Они умудряются содержать семьи, откладывать дочкам на бриллиантовые серьги, покупать сыновьям машины и не покупать ничего себе. Но раз уж дочки подарили им модную штучку – «СПА-программу» и затолкали их сюда, – женщины добросовестно релаксировали: пили чай с мятой и лаймом, рассказывали про массаж и щекотку «от ванны», радовались бассейну и вдруг говорили «балдеж».
– В туалете даже музыка, смотри! Как в консерватории сидишь. Выходить забыла, слушала…
– Шкафчики в раздевалке видела? Как в нашем садике, только побольше.
– Мам, ты на чохский язык идешь со мной сегодня?
– Давай, да, не пойдем, Разийка.
– Ты этот снег видела? Там машинка стоит – тахь, тахь, падает с потолка. Говорят, лицо надо протирать.
И смеются.
Еще они переговаривались из разных комнат.
– Аминат, в клеенку завернули тебя уже? Мне делали, жарко стало!
– Кумушка, ты че там застряла? Домой пора! Пахать кто будет?!
– Кожа такая гладкая, сегодня одна спать даже не хочу, чтоб не пропадала.
– У меня теперь массаж вышел на первое место по удовольствию!
И смеются.
Самое несмешное было в конце, когда все одевались и понимали, что действительно пора вставать и уходить, а они уже мгновенно привыкли к хорошему.
– С ночевкой бывают тут у вас варианты? Чтоб остаться, программа есть?
– Если вы домой не придете, ваши мужья наш салон в окружение возьмут, – ответила сотрудница.
– Да прям! Нам же дочки подарок сделали, не мужья! – сказала одна женщина.
– Прошли те времена, когда они возбухали, – сказала другая. – 15 лет – они нас, всю жизнь – мы их.
– Че, правда? – сказала я.
– Конечно! – ответили женщины хором. – Ты не знала? Это же закон природы.
И смеются.
СПА в Махачкале, безусловно, существует. Он старается, создает эффект уединения, атмосферу любви к себе, держит оборону от суеты и пыли, демонстрирует люстру и чудодейственные эффекты электронных технологий и человеческих прикосновений. СПА существует и диссонирует с городом, не знающим ни покоя, ни отдыха. Диссонирует снаружи и изнутри.
Бабья осень
Стоим вчера на остановке, все туда набились, потому что дождь идет, с углов крыши текут четыре симметричных ручья, красиво, но холодно и мокро.

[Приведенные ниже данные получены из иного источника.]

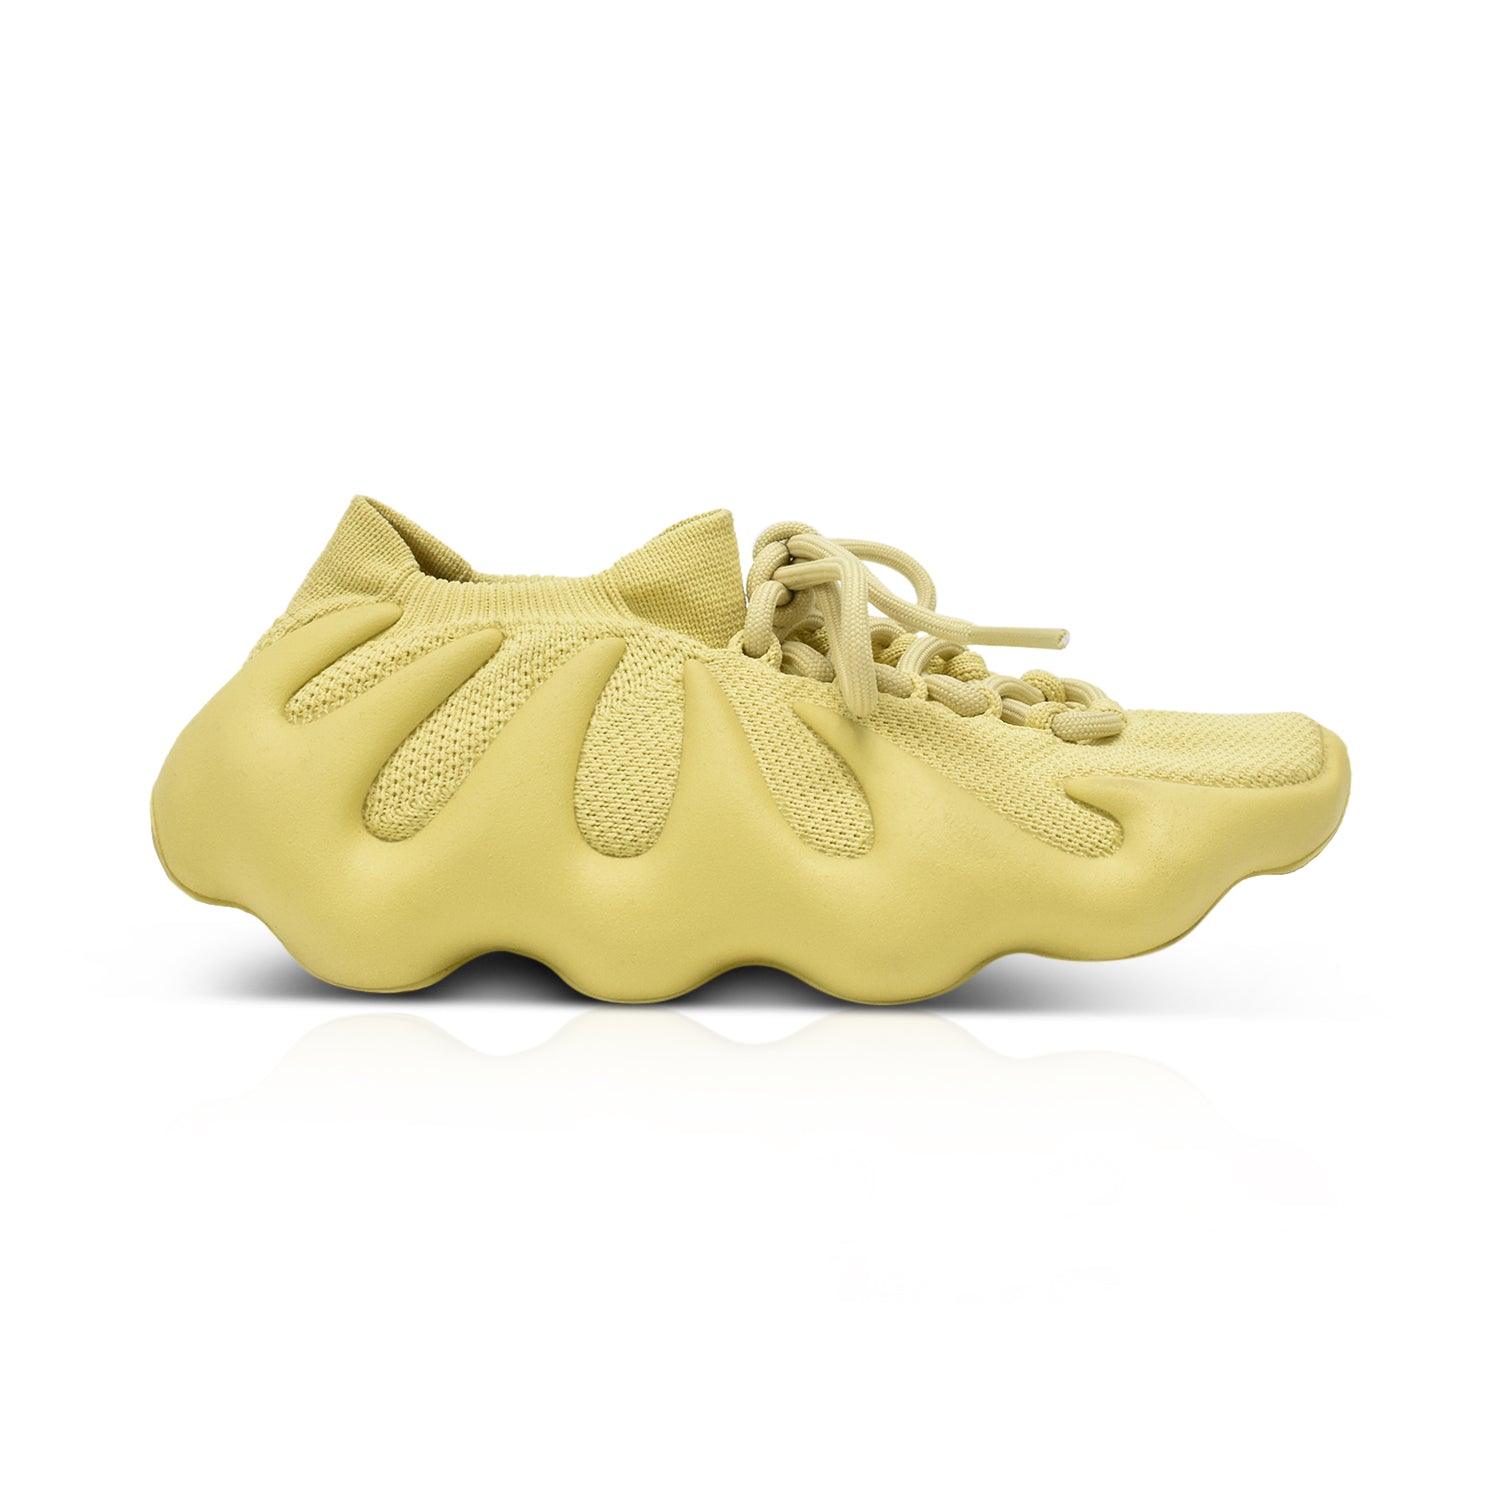 Yeezy 'Sulfur 450' Sneakers - Men's 4.5 - Fashionably Yours

Девочка подошла в ботиночках с опушкой, я загрустила – нам их теперь до мая носить. И тут дед с рюкзаком – не модным кожаным, а с брезентовым рюкзаком, как у рыбаков, подходит к девушке и кричит таким образом, как кричат, когда живут со слабослышащим:
– Погодка, да? Бабье лето, видать, отменили!

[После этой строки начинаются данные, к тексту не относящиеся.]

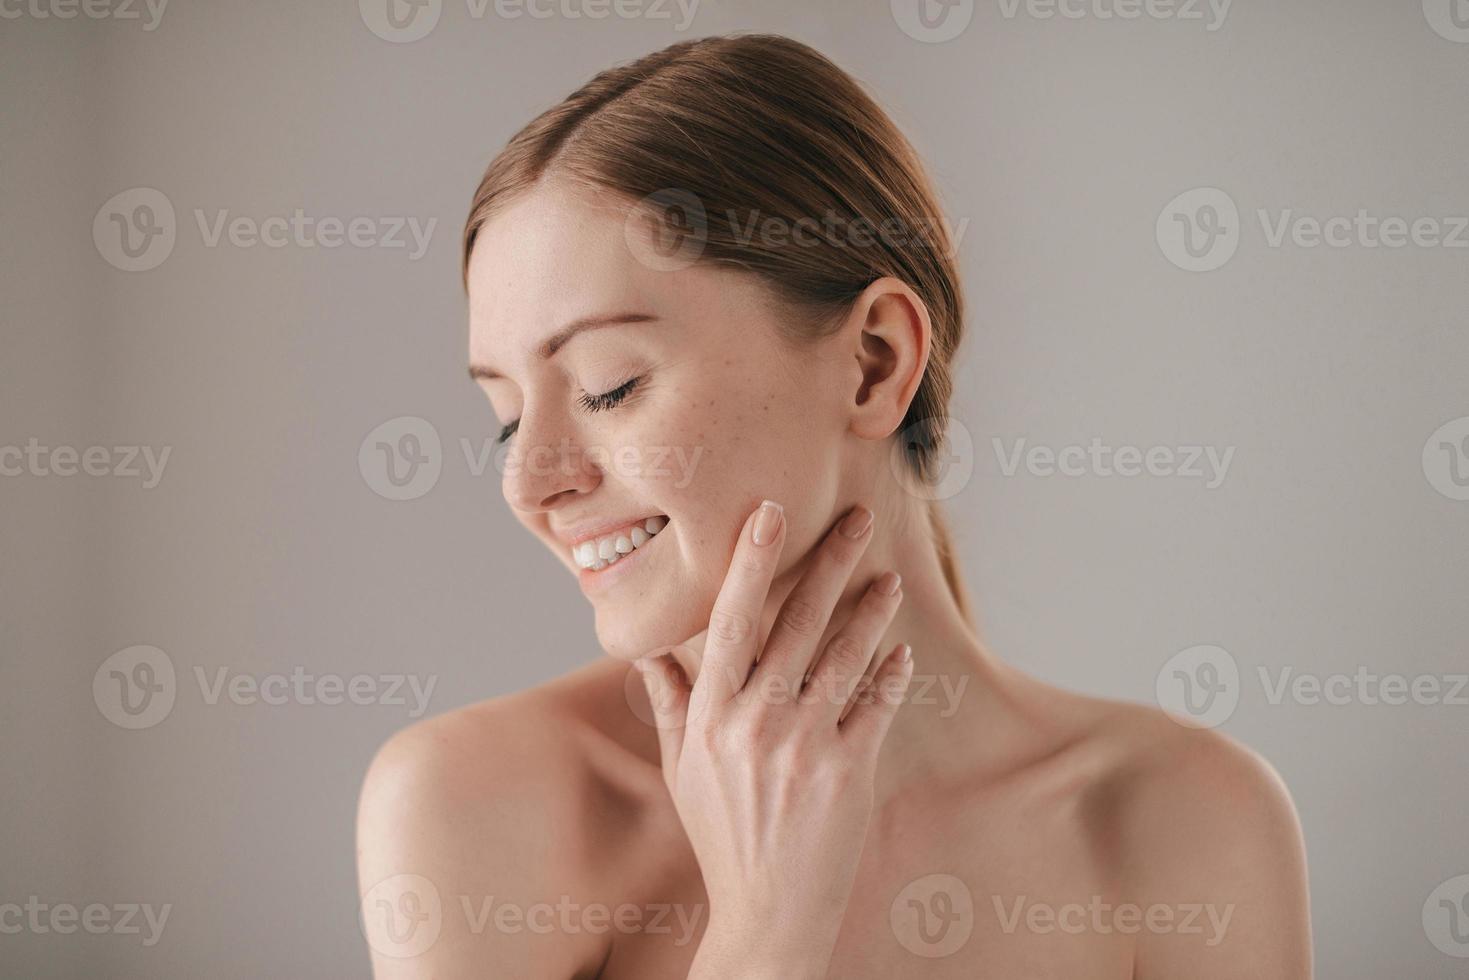 Sensitive care for a luminous skin. Portrait of redhead woman with freckles keeping eyes closed and smiling while touching her face and standing against grey background photo

Девушка достает один наушник, говорит: «Я вас не слышу». Затыкает обратно и отходит в сторону. Дедушка суется с тем же сообщением к заранее безнадежному парню, потому что тот стоит в больших наушниках шенхайзер и немножко танцует в такт своей музыке. Парень бессмысленно поулыбался. Дед был рад. Сделал еще одну попытку «Погодка, да?», но тетка этого даже не заметила – слушала, что ей в телефоне рассказывают. А дед не заметил, что она не заметила. У него истекала последняя возможность пообщаться с внешним миром.

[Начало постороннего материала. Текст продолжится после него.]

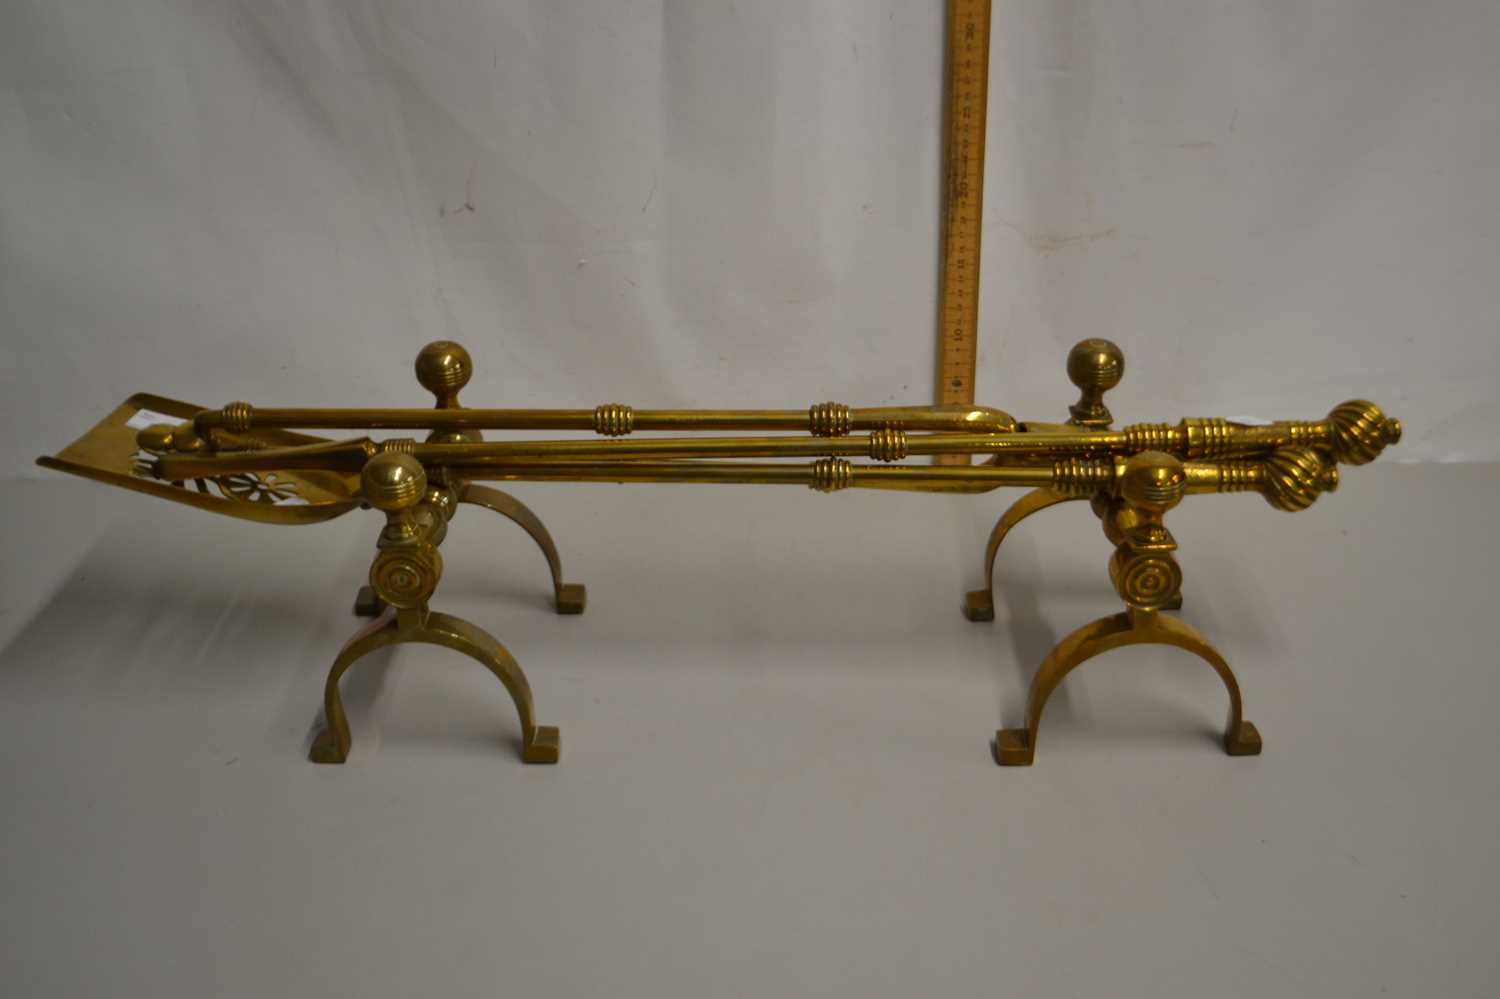 Brass fire tools and stands

Я ему улыбнулась как можно осмысленней.
Потом подъехал автобус, мы все в него загрузились, дед стоит у окна, и по нему видно, что там, куда он едет, поговорить будет уже не с кем.
Захотелось закинуть его в те видосы, где старики танцуют на дискотеках. Но они все импортные – и те старики и видосы. В России нет мест, где они могли бы общаться между собой.
Психолог говорит, что раз я пишу про тех, кого мне жалко, – это ярко демонстрирует мою основную эмоцию – жалость к себе. Что я проецирую все эти жалостливые ситуации на себя. И он прав, конечно. Видимо, боюсь, что не танцевать мне на дискотеках в 85 лет.
Полгода зима
Зима как предчувствие
Настала пора потерянных рукавичек, простуд, катков и наряженных елок. И кого-то у метро уже встречают с санками. Очень завидно.
Выпал первый снег и так исхитрился, что напомнил детство и подарил-таки забытое ощущение обновления, обнуления, принятого решения. Конец метаниям, вступаем в зиму и будем в ней жить. Дышать паром, разглядывать снежинки на рукаве, носить с собой перчатки, бальзам для губ и Strepsils. Очки и коробки с тортами будут запотевать, когда входишь с мороза. Но потом, конечно, оттаивать.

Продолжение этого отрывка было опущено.